◆ **DIRECTIONS FOR THIS TASK**:
Apart from the pictures, which must be omitted, restate the data exactly.

◆ **RAW DATA**:
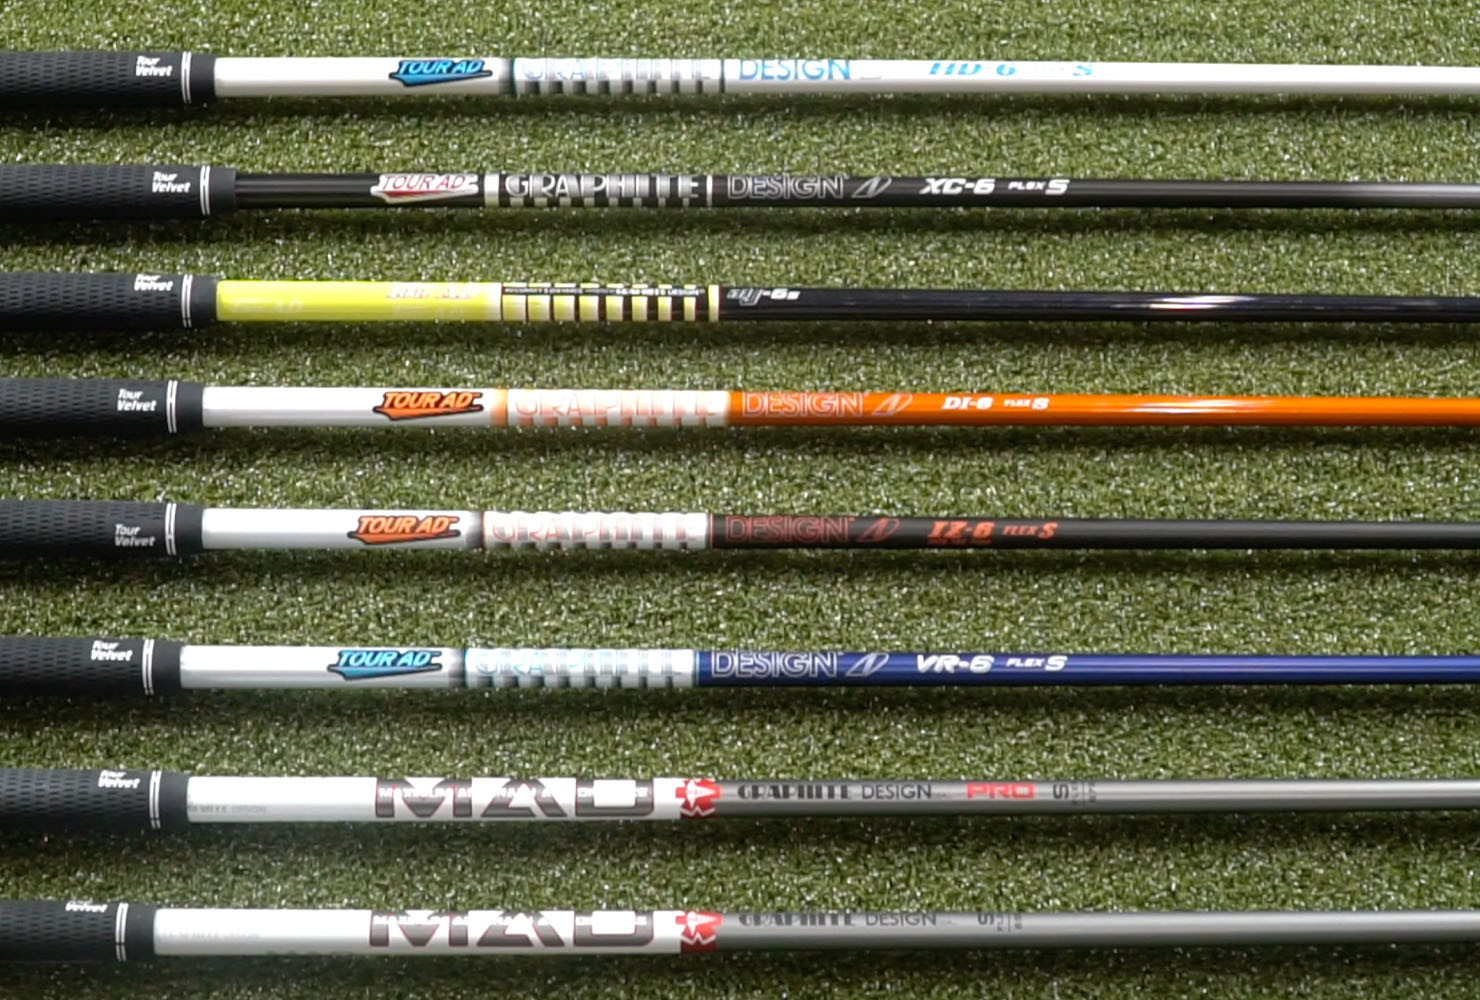 TESTED! Graphite Design Tour AD Shafts - The Hackers Paradise
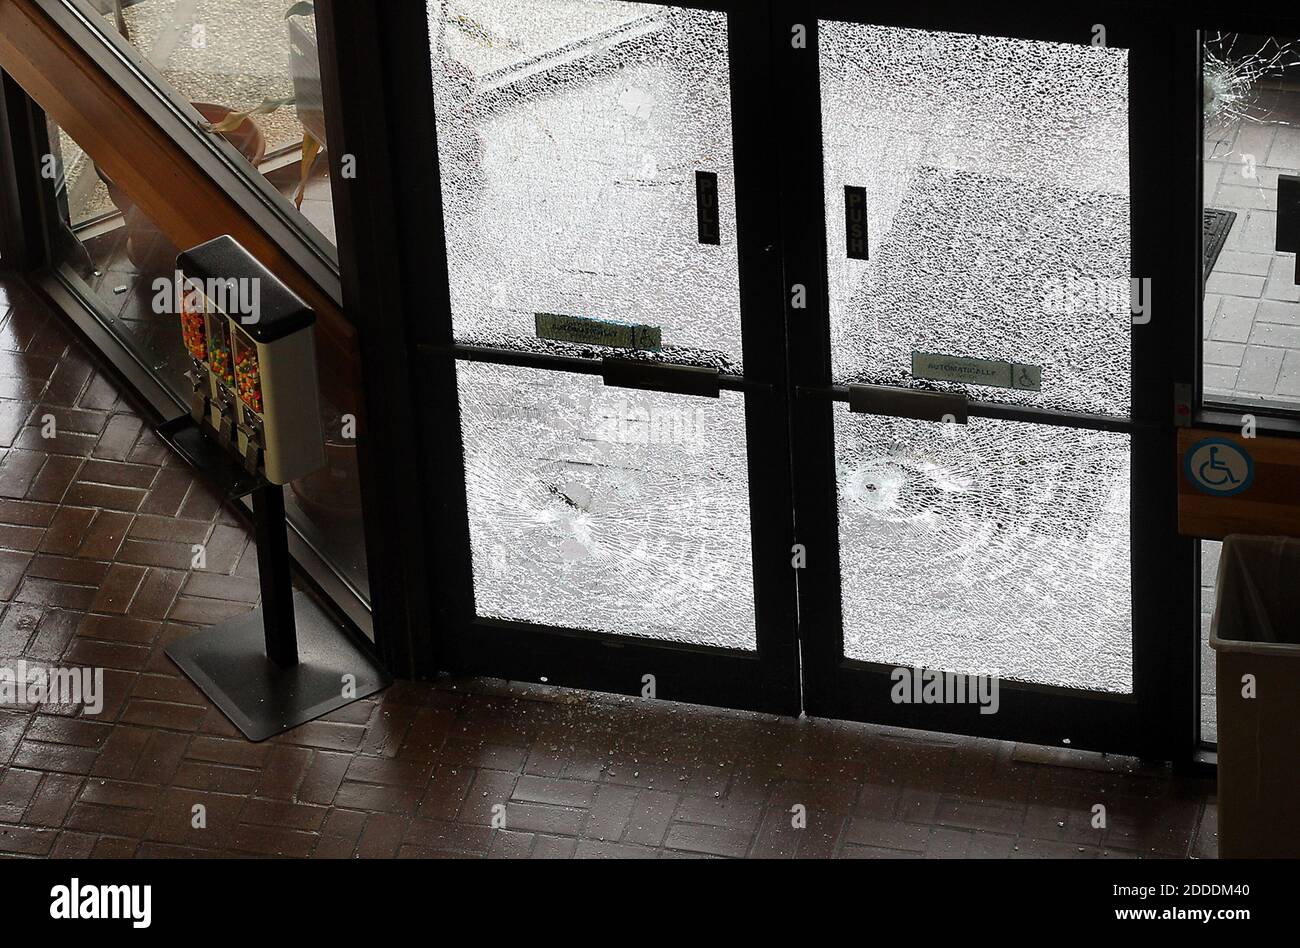 NO FILM, NO VIDEO, NO TV, NO DOCUMENTARY - Bullets shattered glass windows and doors, spraying glass inside police headquarters on Friday, November 28, 2014 after a gunman, identified by law enforcement sources as Larry Steve McQuilliams, targeted buildings in downtown Austin, TX, USA, including the Mexican consulate, the federal courthouse and Austin police headquarters before being shot and killed by police Friday morning in Austin, Texas. Photo by Laura Skelding/Austin American-Statesman/TNS/ABACAPRESS.COM Stock Photo
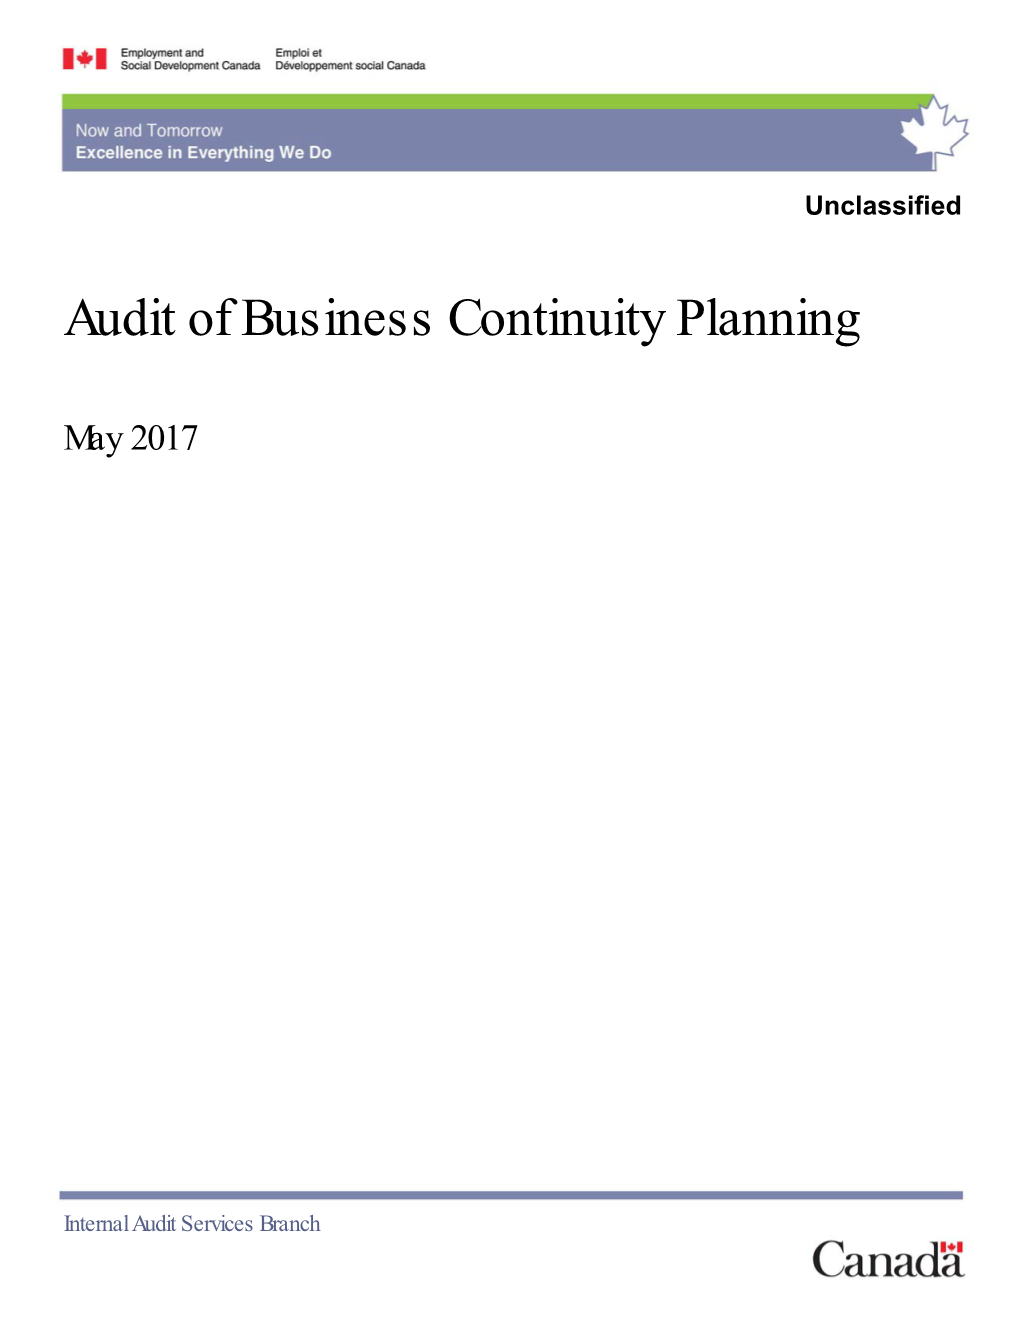 Audit of Business Continuity Planning

◆ **WRITTEN ANSWER**:
 TESTED! Graphite Design Tour AD Shafts - The Hackers Paradise
 NO FILM, NO VIDEO, NO TV, NO DOCUMENTARY - Bullets shattered glass windows and doors, spraying glass inside police headquarters on Friday, November 28, 2014 after a gunman, identified by law enforcement sources as Larry Steve McQuilliams, targeted buildings in downtown Austin, TX, USA, including the Mexican consulate, the federal courthouse and Austin police headquarters before being shot and killed by police Friday morning in Austin, Texas. Photo by Laura Skelding/Austin American-Statesman/TNS/ABACAPRESS.COM Stock Photo
 Audit of Business Continuity Planning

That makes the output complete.